Chiudi gli occhi apri le orecchie e ascolti i primi giri di chitarra: trovi un blues sporco, un blues qualsiasi, ma bastano pochissimi secondi e subentrano le percussioni, i cori dietro ogni angolo, urli liturgici che si ammassano a una malinconia di chitarre che si rincorrono in loop, ed ecco che da una nuvola di sabbia escono ancora i Tinariwen, il gruppo maliano che regala ad ogni occidentale chiuso nel suo cemento, un lungo viaggio tra le steppe di deserti che non si possono immaginare, ma solo sentire.
L’esser combattenti ribelli della rivolta tuareg, blues-man che sussistono nel nomadismo e in un senso della libertà che trapela lungo tutta la loro discografia, li rende unici nella loro approccio alla musica che non può non prescindere da una componente politica.
Il questo “Elwan “il sound del gruppo berbero resta bel delineato sulla scia della discografia, ma qui siamo fuori da una logica occidentale di rinnovamento che l’artista deve compiere per non essere accusato di poca fantasia, tra dune e tribù questi canti ispirano e suscitano sempre un fascino speciale, che si rinnova semplicemente perdurando, e a noi va benissimo così.
Le prime due tracce sono esercizi perfetti dei Tinariwen, l’esotismo non può non sconfinare nella psichedelia di chitarre acide, e “Sastanà qqà m” ne è esempio perfetto.
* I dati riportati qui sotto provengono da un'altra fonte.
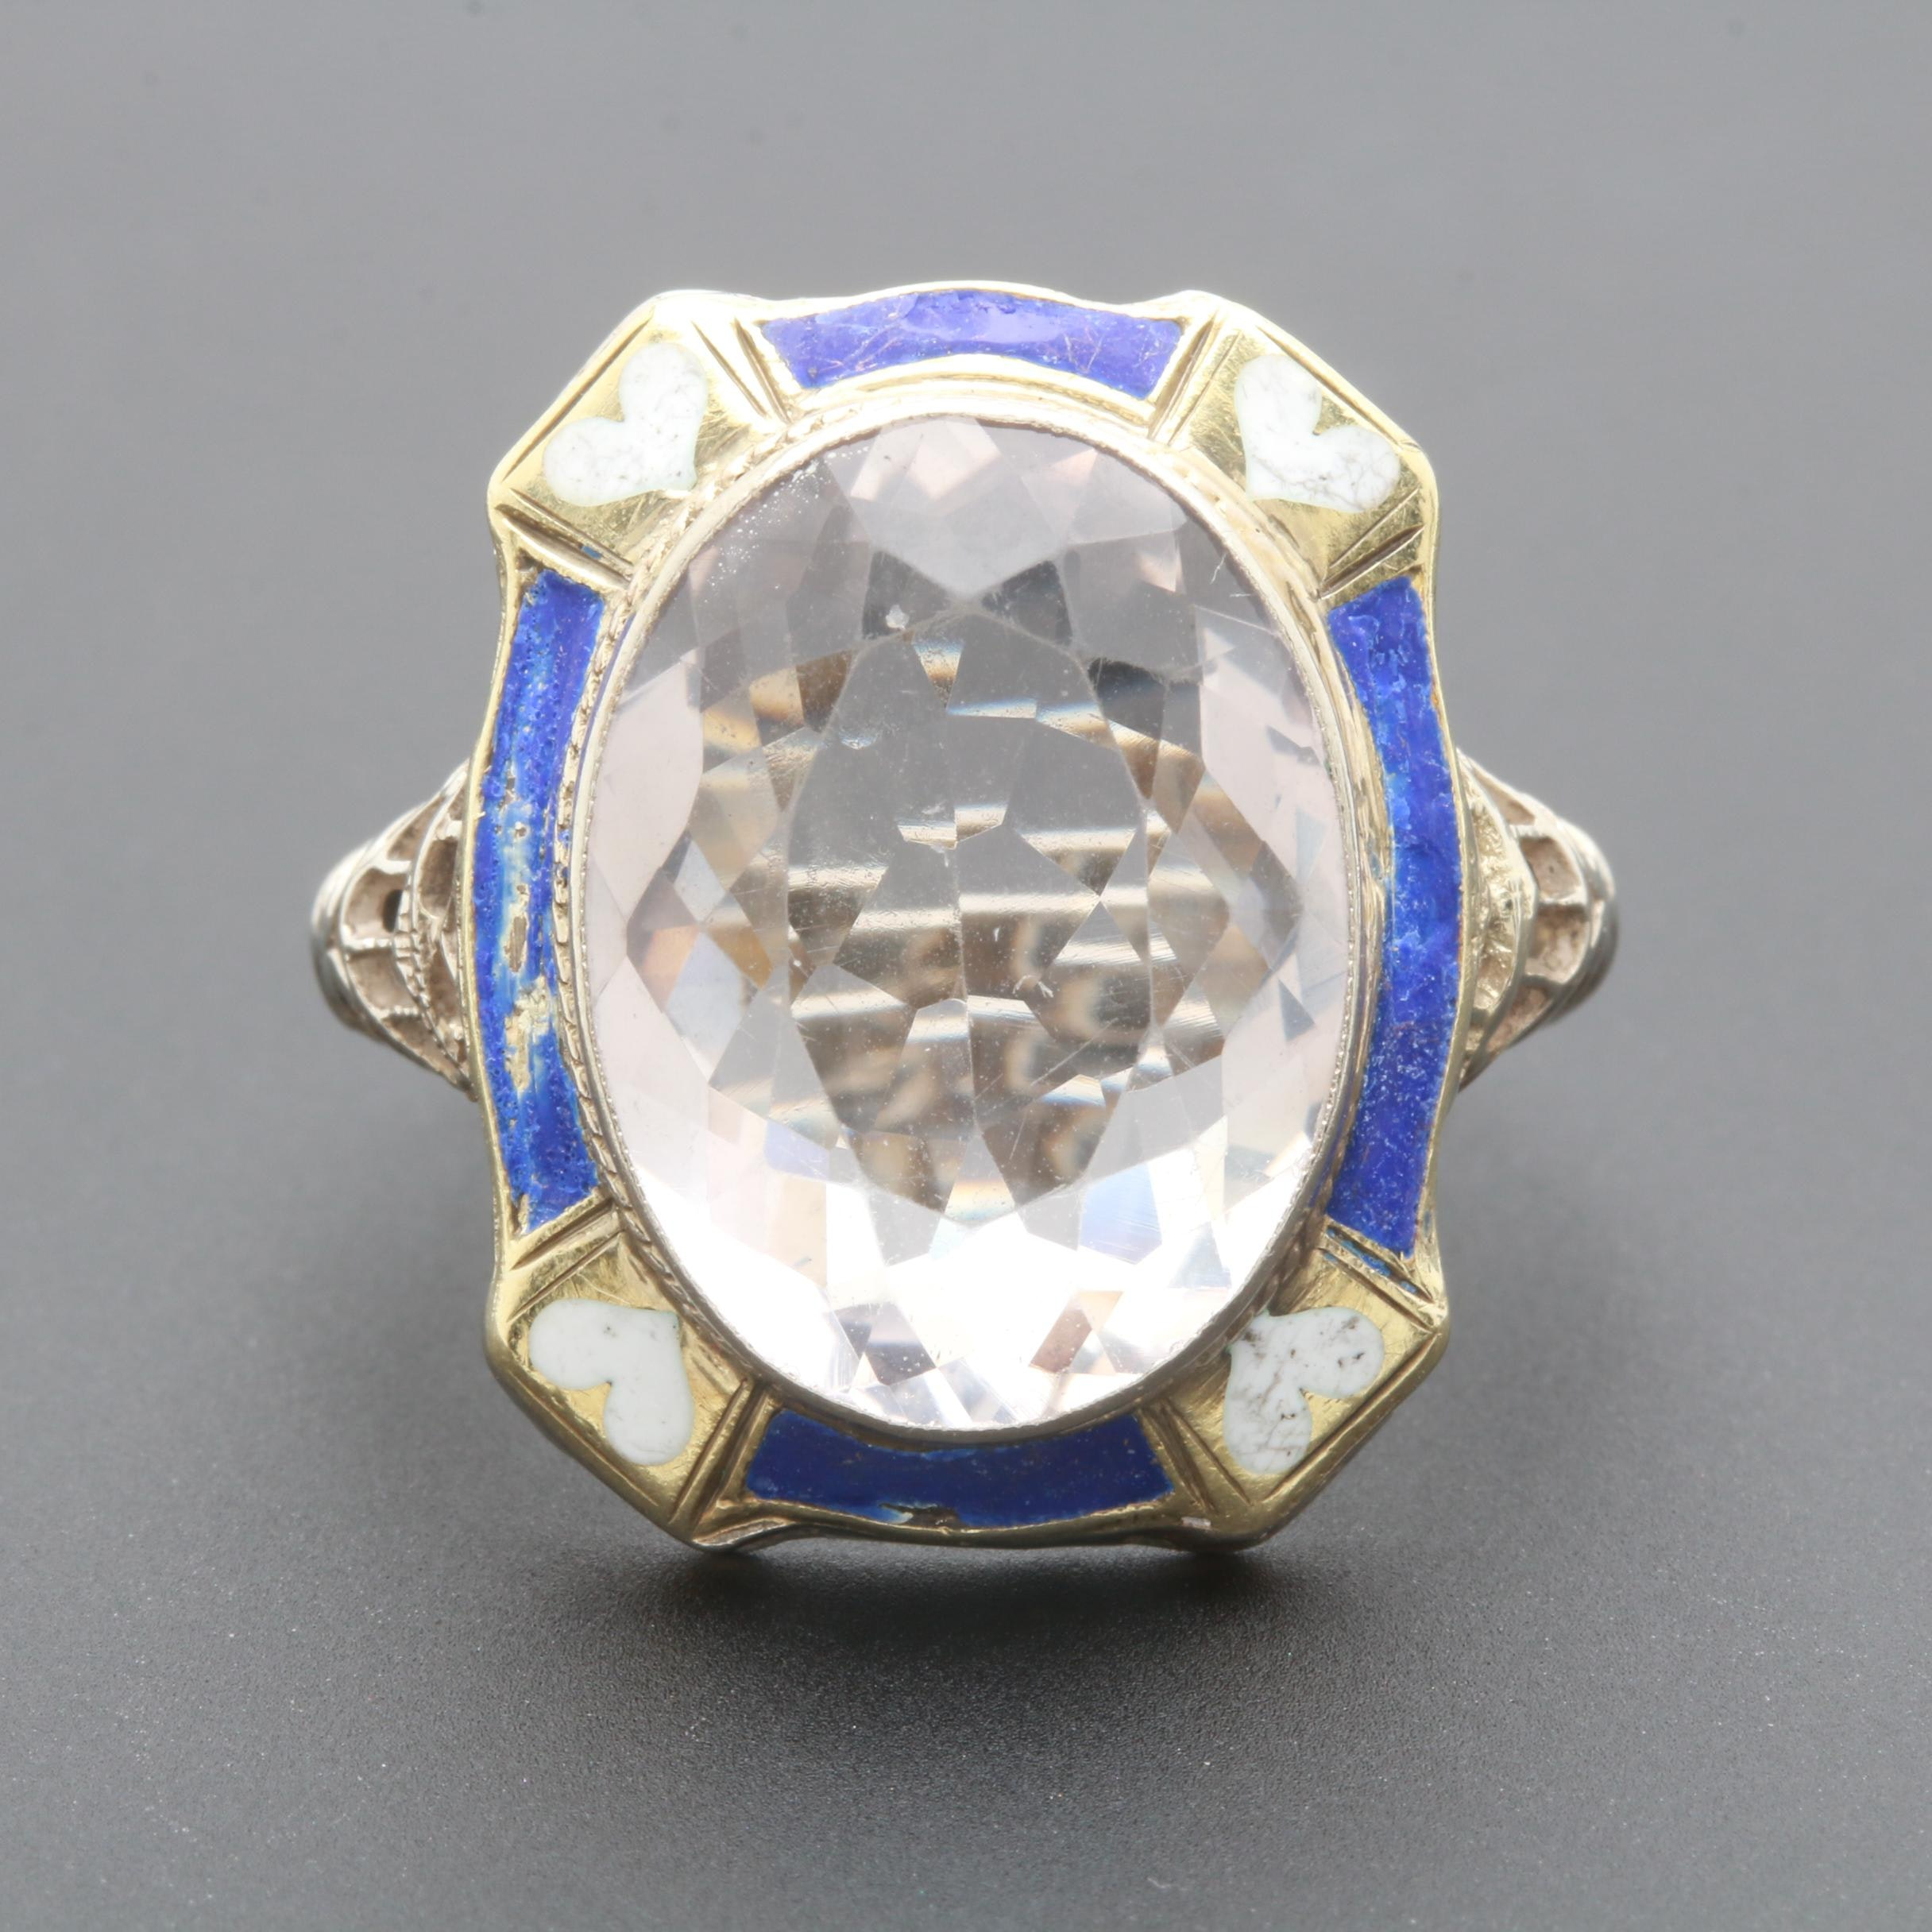 Circa 1930s 14K White Gold Clear Quartz and Enamel Ring

Il blues-rock alterna episodi frenetici a calme malinconie come la sognante “Ittus”. Degne di nota anche “Talyat” e l’incalzante “Assà wt”. “Nà nnuflà y” ci sorprende con la cavernosa incursione completamente riuscita di Mark Lanegan; solo l’ennesimo musicista che ha voluto contribuire e apprezza il mondo dei Tinariwen, una lista che va da Carlos Santana a Herbie Hancock, così giusto per fare due nomi.
Insomma quest’ultimo capitolo dei Tinariwen è sicuramente ottima linfa per chiunque voglia prendersi un po’ di tempo per scappare dalla frenesia delle nostre città , e dalla noia dei nostri gruppetti.